В домике живут двое. Хозяйка Ольга Агеевна — работница с рыбокомбината и жиличка Катя. Катя садовод. Она недавно окончила в Минске техникум и работает теперь в опытном плодовом питомнике.
Руки у Кати тонкие, с красивыми длинными пальцами. Сама она тоже худенькая. Когда летом выдавались особенно тёплые дни, Катя бегала на работу в одном сарафанчике, даже лифчика не надевала. Грудь у неё едва заметная, да и мужчины в питомнике не работают.
Кате скоро двадцать лет. И как все в такие годы, она тоскует, любит, ждёт. Всеволод пишет редко и всё не может собраться приехать хотя бы на недельку в этот маленький городок к Белому морю.
Всеволод работает электромонтёром на киностудии и учится на каких-то вечерних курсах. Катю мучает мысль, что там, где работает Сева, много красивых женщин-артисток, и, вообще, всё очень интересно, и он скоро совсем забудет её, Катю.
Кате всё дорого в облике Севы. И близко посаженые глаза, и морщинки у губ, и светлые рассыпающиеся волосы. Всеволод — её первая и, как она твёрдо верит, последняя любовь.
Ольге Агеевне, хозяйке дома, лет сорок. Это крупная, спокойная женщина. Она из рыбачьей семьи. В юности сама рыбачила. Теперь работает лёдчицей — грузит на траулеры лёд. Работа со льдом грубая, тяжёлая, и руки Ольги Агеевны тоже тяжёлые и грубые. Лицом она некрасива. Молчалива, смеётся редко, но вечерами, вернувшись с комбината, садится на крыльце и, обхватив локти руками и низко согнувшись, тихонько поёт, глядя на море. Поёт старые рыбацкие песни. Тягучие и тоскливые, как низкие северные тучи.
Муж её тоже рыбак. Плавает тралмейстером на логгере в Атлантике, ловит сельдь.
Катя знает, что на душе у хозяйки горе. Давнишнее обидное горе — нет у неё детей. Катя случайно слышала, как перед уходом в море муж хозяйки крепко бил кулаком по столу и кричал, что не может настоящий рыбак без сынов жить. Нужна ему смена, пока сам в плечах широк, чтобы самому успеть щенят к морю приучить. Был он пьян тогда и всё повторял и повторял, что самое плохое для моряка — возвращаться после моря в пустой дом.

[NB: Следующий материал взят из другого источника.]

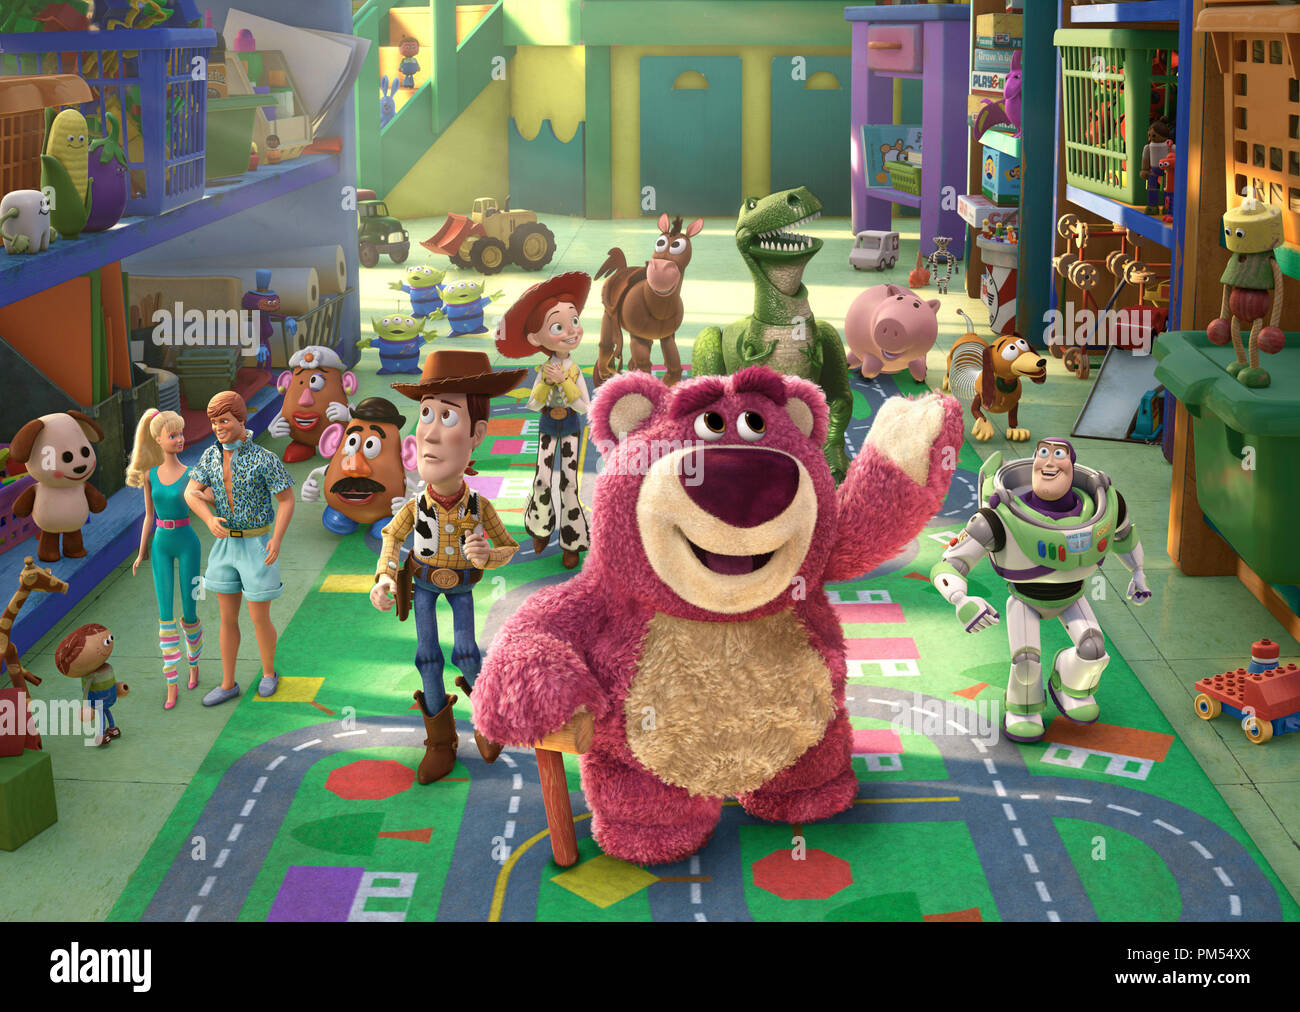 TOY STORY 3   (L-R) Barbie, Ken, Mrs. Potato Head, Mr. Potato Head, Aliens, Woody, Jessie, Bullseye, Lots-o-Huggin Bear, Rex, Hamm, Slinky Dog, Buzz Lightyear   © Disney/Pixar.  All Rights Reserved. Stock Photo

Всё это знает Катя, но, когда от Севы нет долго писем, когда мысли одна горше другой мучают её, когда тянет бросить всё — и опытный свой участок, и начатую работу — и съездить в Минск посмотреть, как живёт Сева, куда ходит по вечерам; тогда бывает ей необходимо участие Ольги Агеевны. Хочется, чтобы хозяйка обняла тяжёлой рукой за плечи и посадила рядом с собой на крыльце. И Ольга Агеевна всегда чувствует Катину тоску и, действительно, вечером сажает её с собой рядом на крыльце и обнимает за плечи.
— Ты, Катюша, верь, — говорит она и гладит Катю по волосам. — Верь, милая, вот и всё.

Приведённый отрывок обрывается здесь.